Preparation of islets
Human adult islets were prepared from the pancreas obtained from nondiabetic adult cadaveric organ donors and islets isolated as described previously (13).
Immunocytochemistry
The percentage of insulin-positive cells in ICCs was determined immunocytochemically using laser-scanning confocal microscopy (14). Two hundred ICCs were first fixed in 4% paraformaldehyde and then placed on gelatin-coated glass microscope slides before being fixed in ice-chilled 70% ethanol overnight at 4 C. The cells were permeablized with 0.1% Triton and 1% fetal calf serum (FCS), then blocked with 0.1% Triton and 3% FCS. Insulin-containing cells in ICCs were identified by staining with guinea pig antiinsulin primary antibody (Dako Laboratories, Carpenteria, CA), followed by rhodamine-conjugated antiguinea pig secondary antibody (Sigma).

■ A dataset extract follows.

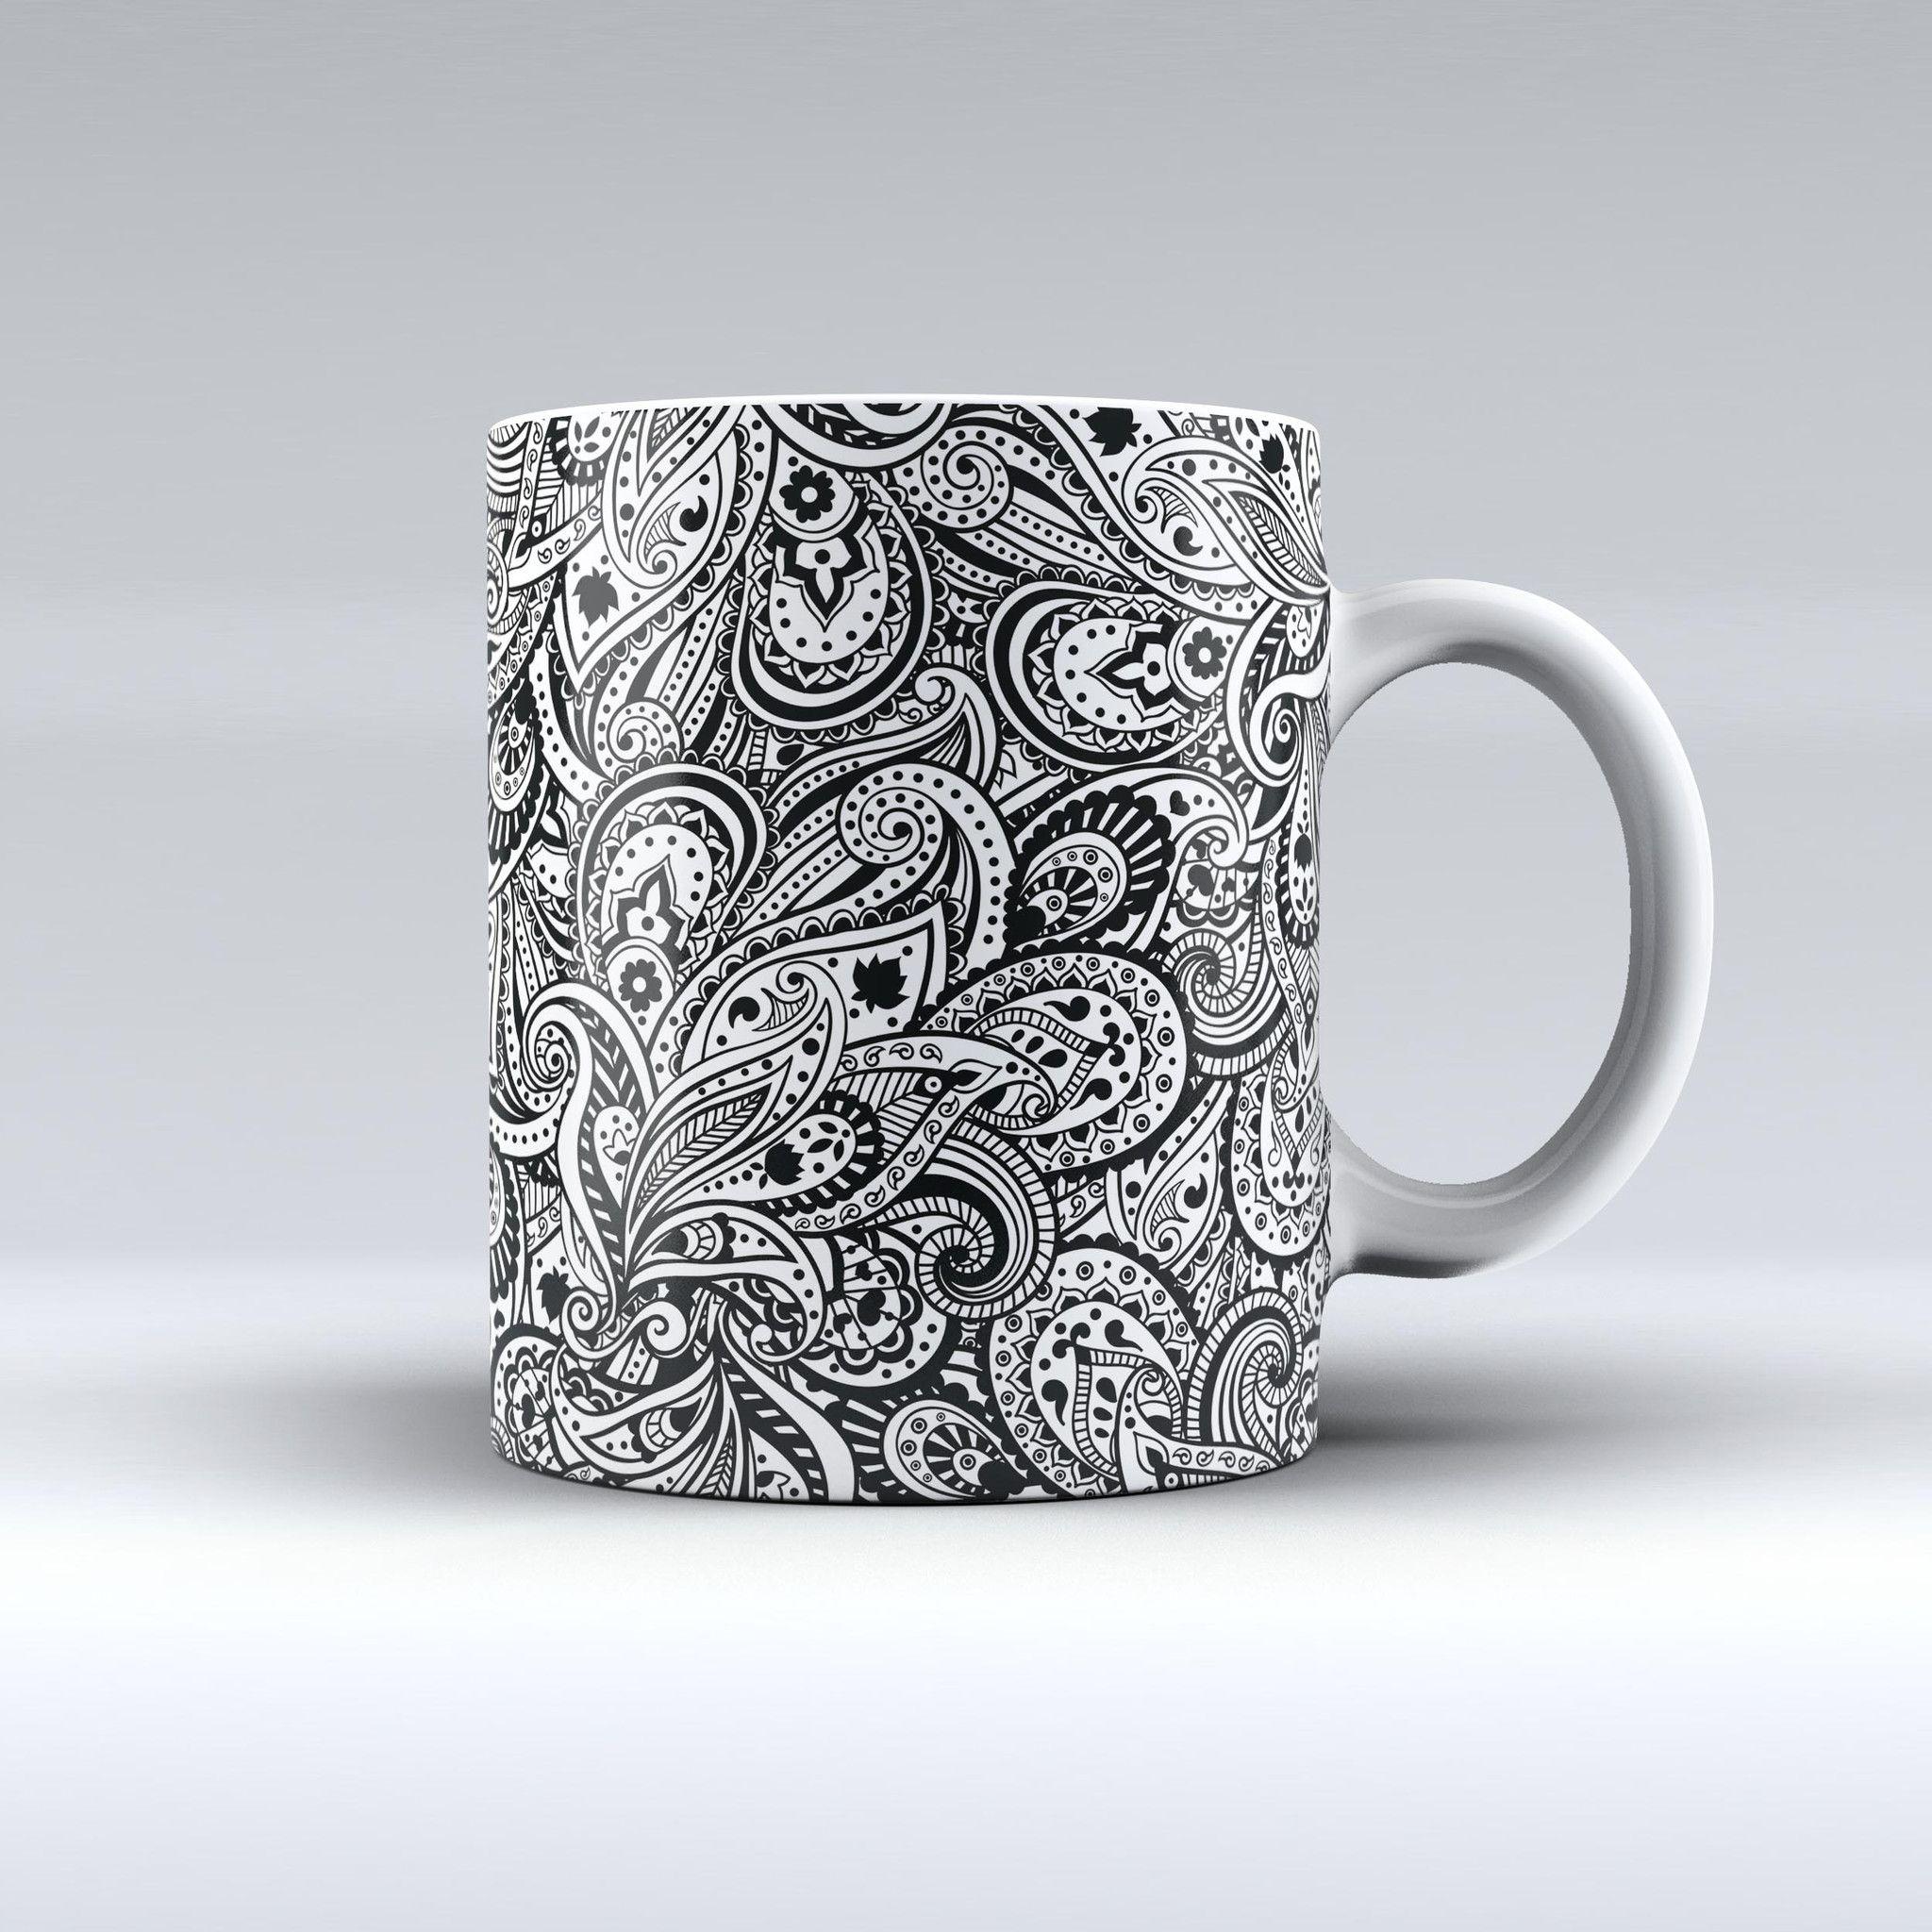 The Black and White Aztec Paisley ink-Fuzed Ceramic Coffee Mug | INK ...

The coverslip was mounted in glycerol-phosphate-buffered saline (19:1). Primary antibody was omitted, and sections were incubated with 1% guinea pig serum for negative controls. Rhodamine-labeled sections were excited at 515 nm and viewed with a 530-nm barrier filter (Olympus Laser Scanning Confocal Microscope, Olympus Optical Co., Tokyo, Japan). ICCs were scanned every 0.50.7 µm from top to bottom, and the percentage of insulin-positive cells was calculated.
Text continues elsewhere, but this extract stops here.